In more recent times, I’ve had three kids and it’s become something of a  ‘last chance saloon’ situation, but fortunately I’ve matured enough to realise that the supermodel ship has sailed.  I’ve learned that a healthy lifestyle is easier to maintain if I lighten up a little on the pressure for perfection.

I feel proud of myself for reaching a point where I no longer torture myself on a daily basis about my appearance because, quite frankly, it’s not a fun way to live.

I would find it easier to feel proud of myself if I wasn’t so frequently reminded of the terrible burden I am placing on the rest of the population.
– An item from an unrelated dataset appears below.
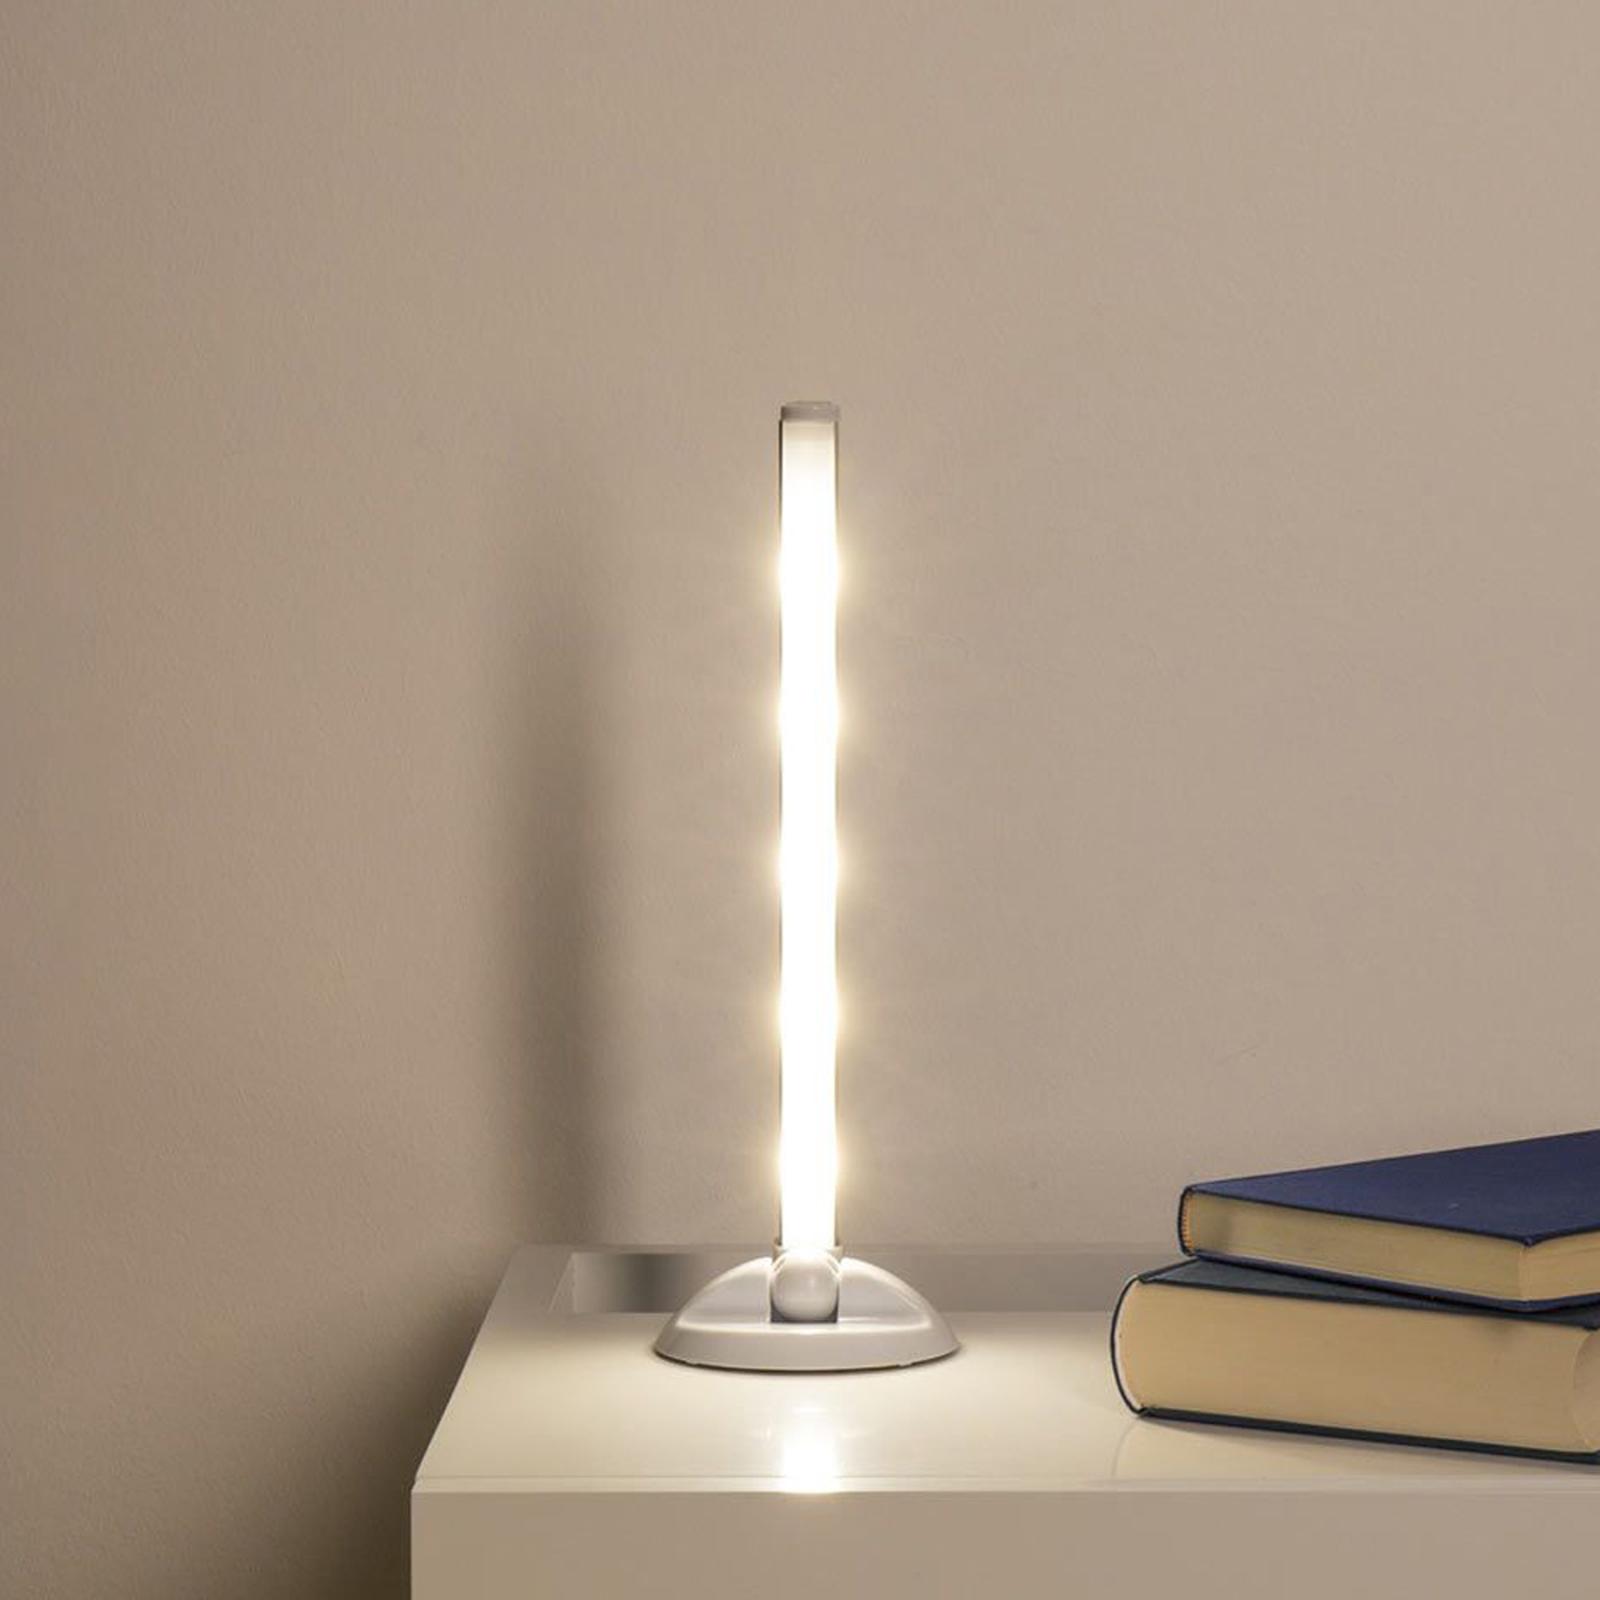 LED-Lightstick na baterie, ściemniacz 2-stopniowy

As someone who won’t be pulling on the skinny jeans any time soon, I keep company with celebrities who are pilloried as bad role models despite being smart, articulate and funny.  I am subjected to stock footage of wobbly bottoms and heaving man bosoms behind voiceovers about anything from fast food to school sports to that great unifier of the masses – the misspending of taxpayers’ dollars.

If we are to believe the headlines, hardworking, thinner Australians are subsidising fat people’s wanton destruction of the Australian health system.  Fat people seem to be the last remaining group at which it is socially acceptable to throw verbal rotten tomatoes without anyone telling you it’s discriminatory.  If we’re not careful the real health crisis we’ll be facing won’t be an increased incidence of diabetes and heart disease, but the mental health problems derived from constantly making people feel so darn bad about themselves.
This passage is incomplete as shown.